2.26   Exercise.     
(a) Find the number

$$1+{1\over 7}+{1\over {7^2}}+{1\over {7^3}}+\cdots +{1\over {7^{100}}}$$

accurate to 8 decimal places.

(b) Find the number

$$1+{1\over 7}+{1\over {7^2}}+{1\over {7^3}}+\cdots +{1\over {7^{1000}}}$$

accurate to 8 decimal places.

(You may use a calculator, but you can probably do this without using a calculator.)

2.27   Exercise. A Let

$$\begin{eqnarray*} a_1 &=& .027\\ a_2 &=& .027027\\ a_3 &=& .027027027\\ & etc. & \end{eqnarray*}$$

Use the formula for a finite geometric series to get a simple formula for $a_n$. What rational number should the infinite decimal $.027027027\cdots$ represent? Note that

$$a_3 = .027(1.001001) = .027(1 + {1 \over 1000} + {1 \over 1000^2}).$$

The Babylonians[45, page 77] knew that

$$1 + 2 + 2^2 + 2^3 + \cdots + 2^n = 2^n + (2^n - 1),$$ (2.28)

i.e. they knew the formula for a finite geometric series when $r=2$.

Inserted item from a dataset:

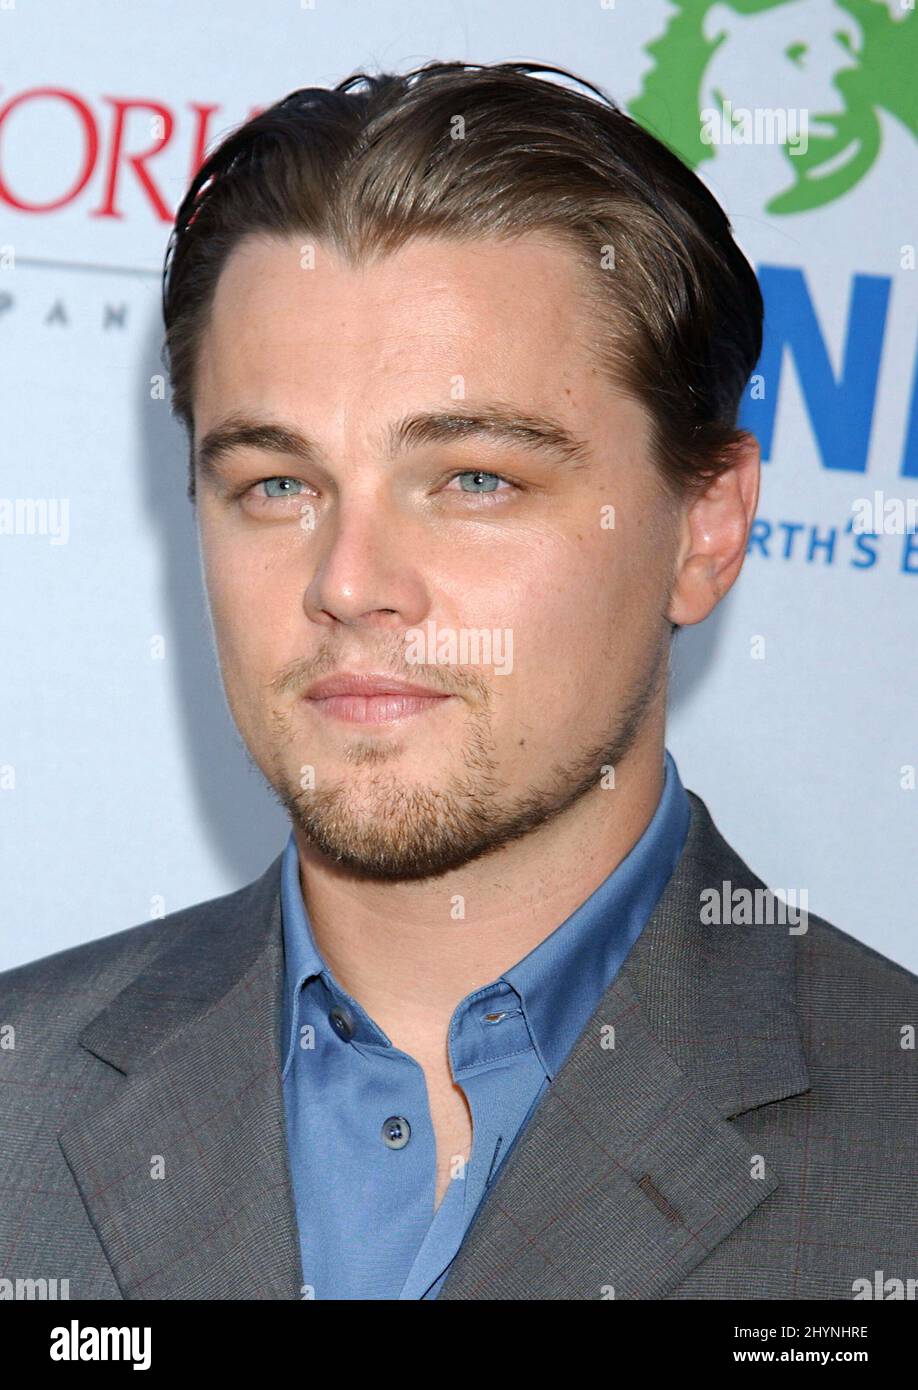 Leonardo DiCaprio attends the 'Earth To L.A.! - The Greatest Show On The Earth' Benefit for the Natural Resources Defense Council, in California. Picture: UK Press Stock Photo

Euclid knew a version of the formula for a finite geometric series in the case where $r$ is a positive integer.

Archimedes knew the sum of the finite geometric series when $r={1\over 4}$. The idea of Archimedes' proof is illustrated in the figure.

If the large square has side equal to $2$, then

$$\begin{array}{rll} A& & = A \hspace{1em} = 3\\ \frac{1}{4}A... ...[1ex] (\frac{1}{4})^3 A & = \frac{1}{4} C & = D.\\ \end{array}$$

Hence

$$\begin{eqnarray*}{\textstyle (1 + \frac{1}{4} + (\frac{1}{4})^2 + (\frac{1}{4})^... ...({1\over 8})^2 = 4 - (\frac{1}{4})^3 = 4( 1 - ({1\over 4})^4). } \end{eqnarray*}$$

i.e.

$$\textstyle{ (1 + \frac{1}{4} + (\frac{1}{4})^2 +(\frac{1}{4})^3)\cdot 3 = 4(1 - (\frac{1}{4})^4).}$$

For the details of Archimedes' argument see [2, pages 249-250].

2.29   Exercise. Explain why formula (2.28) is a special case of the formula for a finite geometric series.